2- Contenuto del codice disciplinare
Nel codice disciplinare devono essere indicate le sanzioni irrogabili, le infrazioni per le quali queste possono essere irrogate e le procedure che devono essere osservate. La legge espressamente impone al datore di lavoro di applicare quanto stabilito in materia dai contratti collettivi: per predisporre il codice disciplinare quindi, è sufficiente fare riferimento alle norme previste dal proprio CCNL in materia di provvedimenti disciplinari, integrandole con gli articoli di legge che dispongono su tale argomento (artt. 2104, 2105 e 2106 c.c.; art. 7 Statuto dei Lavoratori).
Nota bene Nel caso in cui il datore di lavoro intenda predisporre un proprio regolamento aziendale (contenente ad esempio disposizioni relative alle modalità di giustificazione delle assenze oppure in relazione all’utilizzo dei mezzi informatici, etc.), va ricordato che è necessario il suo inserimento nel codice disciplinare: solo in questo modo infatti, i comportamenti vietati dal regolamento potranno essere sanzionati con l’irrogazione di provvedimenti disciplinari.
Nota bene Nel caso in cui la cooperativa di lavoro abbia inserito nel regolamento interno dei soci lavoratori una regolamentazione delle condotte comportamentali ulteriore rispetto a quella prevista dal Ccnl applicato, è necessario integrare con tale disciplina (applicabile esclusivamente ai soci lavoratori) il codice disciplinare generale.
- Pubblicità del codice disciplinare
Il codice deve essere portato a conoscenza mediante affissione dello stesso in un luogo accessibile a tutti i dipendenti: si tratta di una disposizione inderogabile, nel senso che la mancata pubblicità del codice nelle forme previste determina la nullità assoluta della sanzione irrogata.
In riferimento a questo aspetto la giurisprudenza ha osservato che l’affissione del codice disciplinare costituisce l’unico mezzo per portare a conoscenza dei dipendenti le infrazioni punibili ed il tipo di sanzioni irrogabili: qualsiasi altra forma comporta la nullità assoluta della sanzione irrogata, non sanabile nemmeno con la prova dell’effettiva conoscenza del dipendente ottenuta in altro modo.

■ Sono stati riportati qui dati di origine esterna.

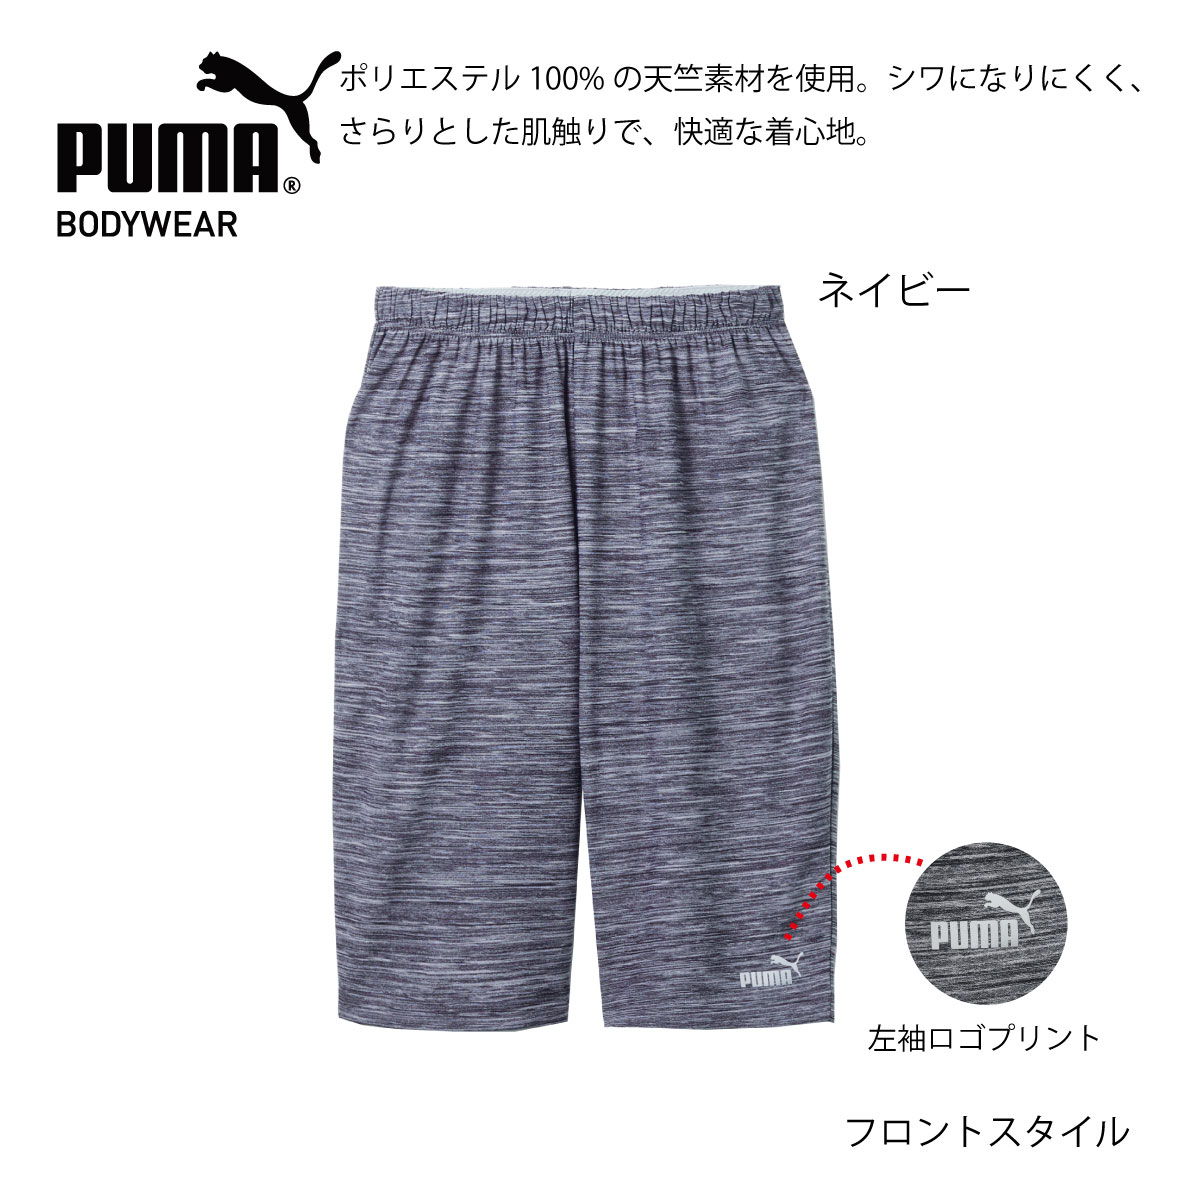 PUMA プーマインナーシャツ 長袖130cm レッド

Non è quindi sufficiente la consegna di una copia del codice a ciascun dipendente, dal momento che in questo modo non si ottiene la comunicazione richiesta espressamente dall’art. 7.
Nota bene Nel caso in cui la cooperativa di lavoro abbia inserito nel regolamento interno dei soci lavoratori una regolamentazione delle condotte comportamentali ulteriore rispetto a quella prevista dal Ccnl applicato, è necessario che il codice disciplinare affisso sia integrato con la disciplina applicabile esclusivamente ai soci lavoratori.

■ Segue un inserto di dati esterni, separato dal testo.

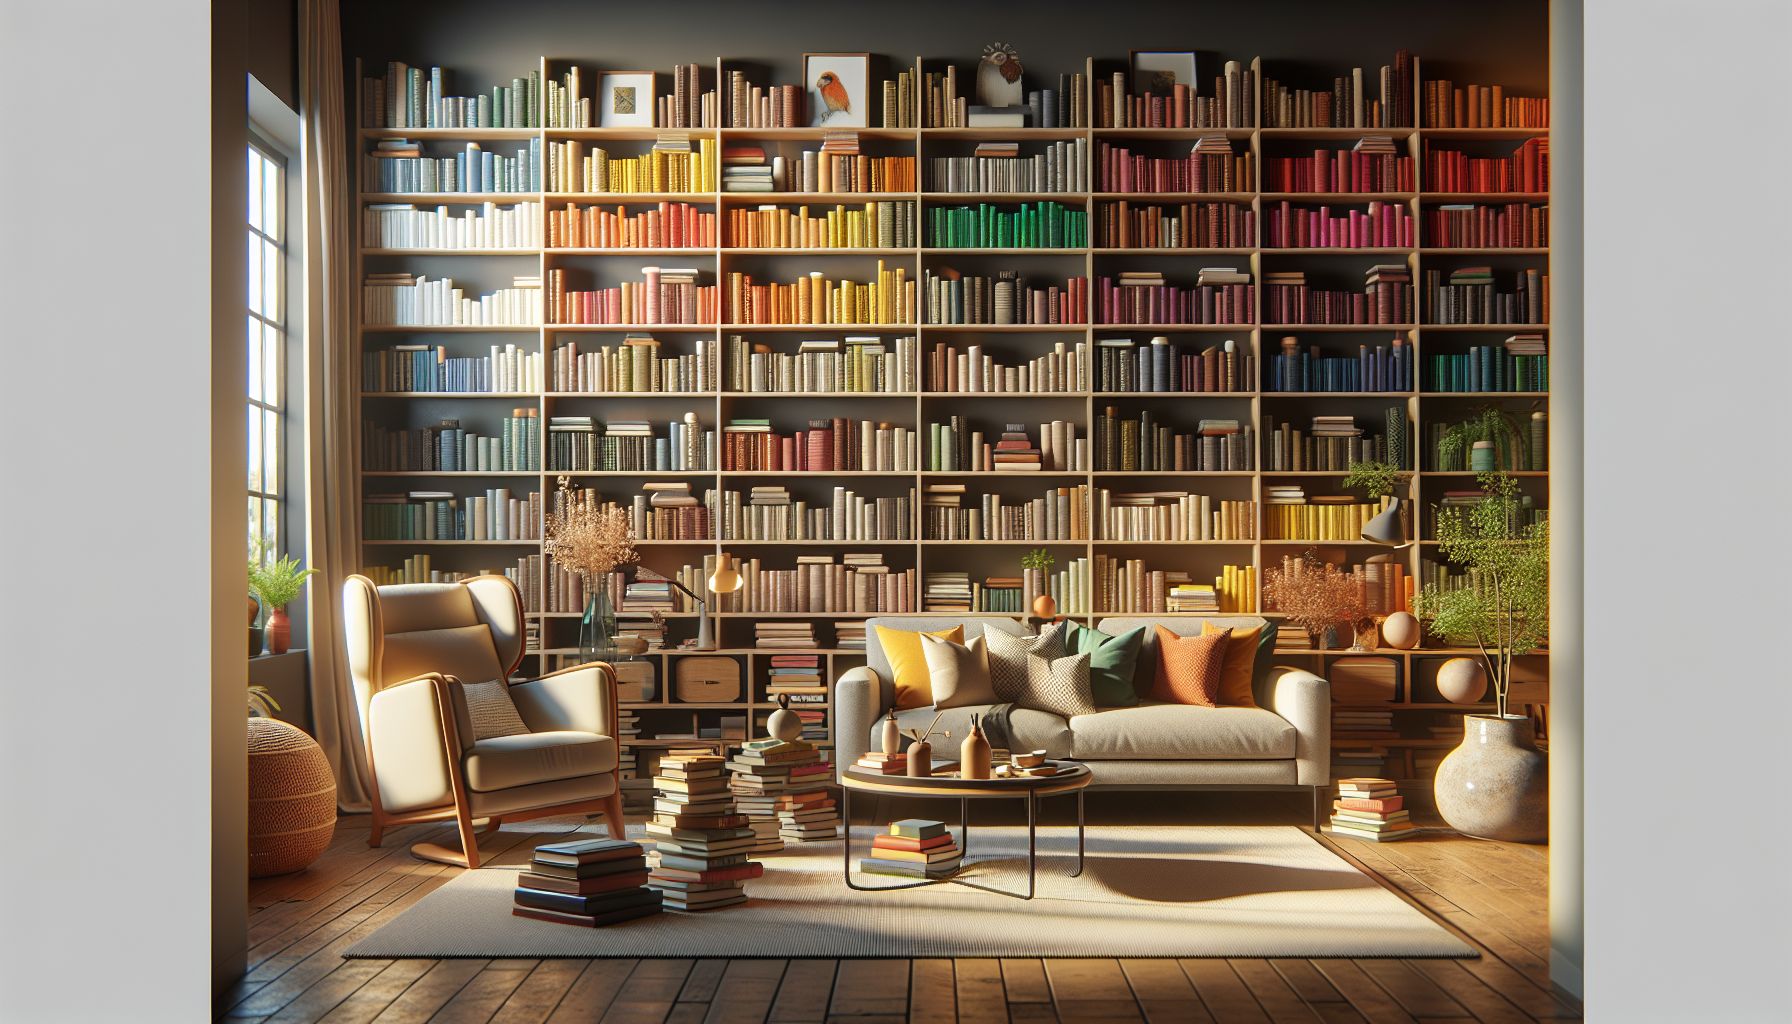 Ideen für Wandregale im Wohnzimmer- Ordne Bücher farblich für visuelles Interesse

L’affissione deve essere fatta in un luogo accessibile a tutti i dipendenti (es. bacheche aziendali o luogo in cui si timbra il cartellino). La giurisprudenza ha precisato che non sono da considerarsi accessibili da tutti:
- una sede diversa da quella cui è adibito il lavoratore;
- la guardiola del custode;
- la bacheca aziendale di una sola organizzazione sindacale.
L’affissione deve essere continuativa ed ininterrotta nel tempo o quanto meno in atto al momento in cui si verifica la condotta del dipendente che integra l’infrazione disciplinare.

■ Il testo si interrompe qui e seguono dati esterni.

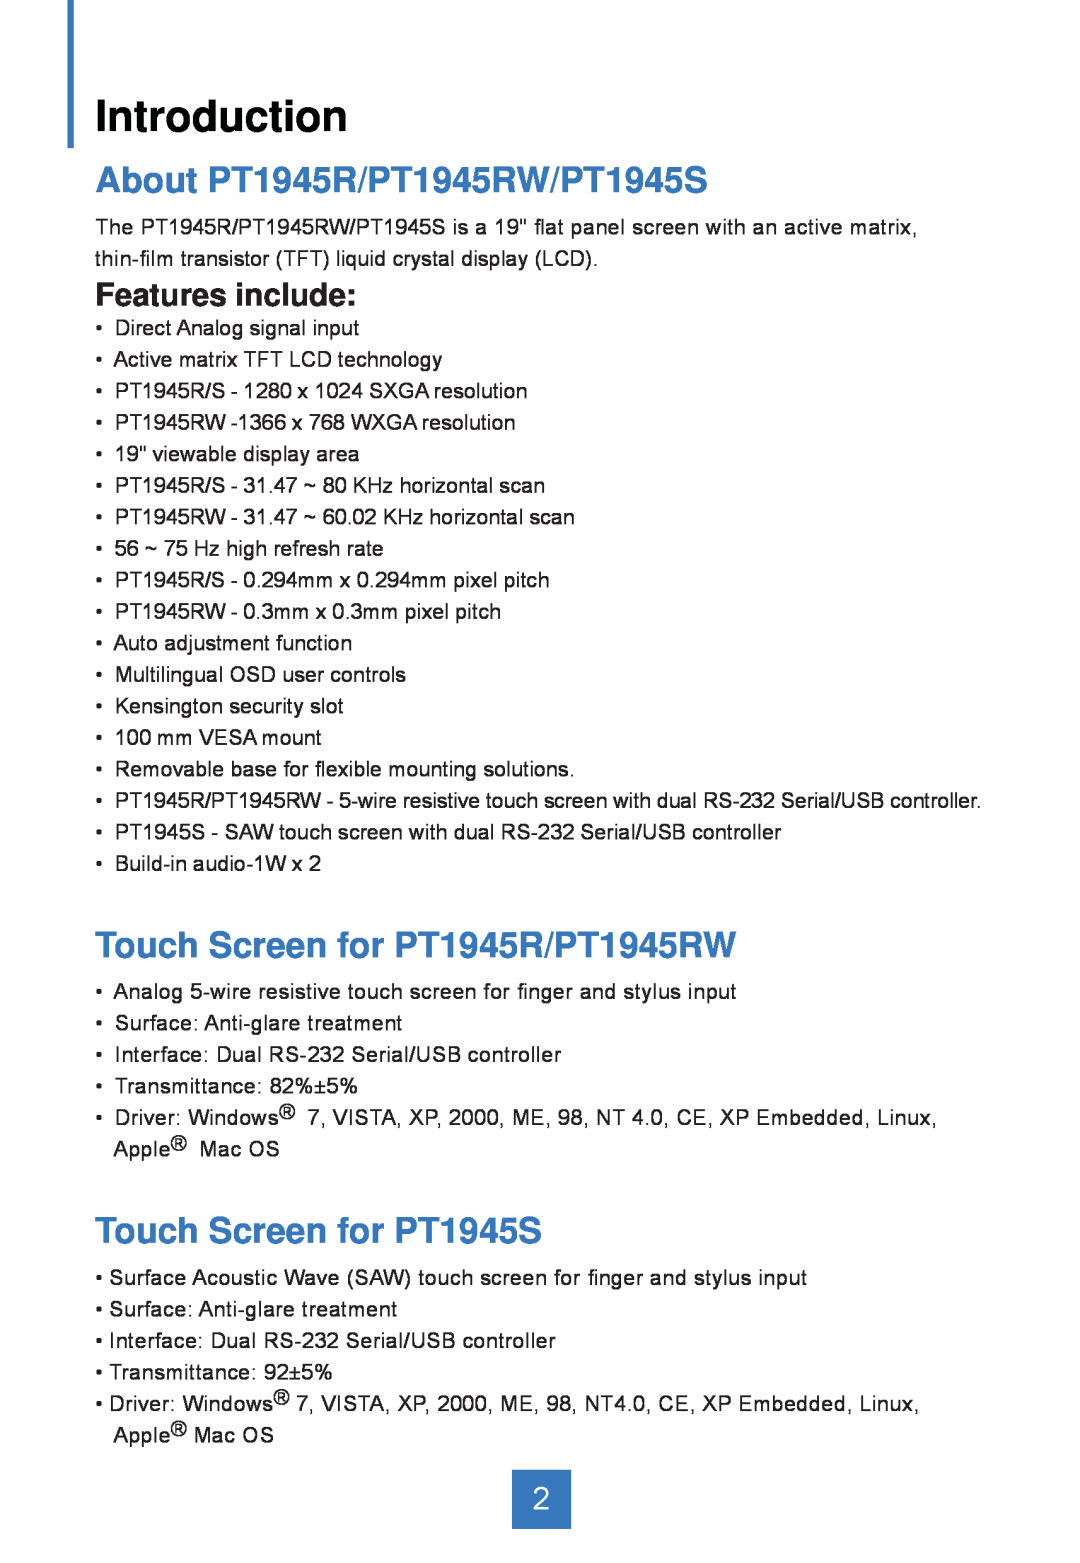 Planar manual Introduction, About PT1945R/PT1945RW/PT1945S, Touch Screen for PT1945R/PT1945RW, Touch Screen for PT1945S

MODALITÀ DI IRROGAZIONE DELLE SANZIONI DISCIPLINARI
La procedura per l’irrogazione delle sanzioni disciplinari si articola nelle seguenti fasi:
- preventiva contestazione del fatto compiuto dal dipendente;
- preventiva audizione a difesa del dipendente (su richiesta dell’interessato);
- irrogazione della sanzione.
- Preventiva contestazione del fatto al dipendente
La contestazione costituisce la condizione di legittimità dell’adozione di un provvedimento disciplinare e deve avere queste caratteristiche:
- può essere fatta dal datore o dai diretti superiori del dipendente resosi colpevole della condotta punibile;
- deve essere formulata per iscritto. Affinché sia valida la procedura disciplinare occorre che la contestazione sia formulata per iscritto indicando in maniera precisa i fatti contestati, essendo radicalmente esclusa la possibilità di una contestazione in forma orale; in difetto nessuna sanzione adottata è legittima.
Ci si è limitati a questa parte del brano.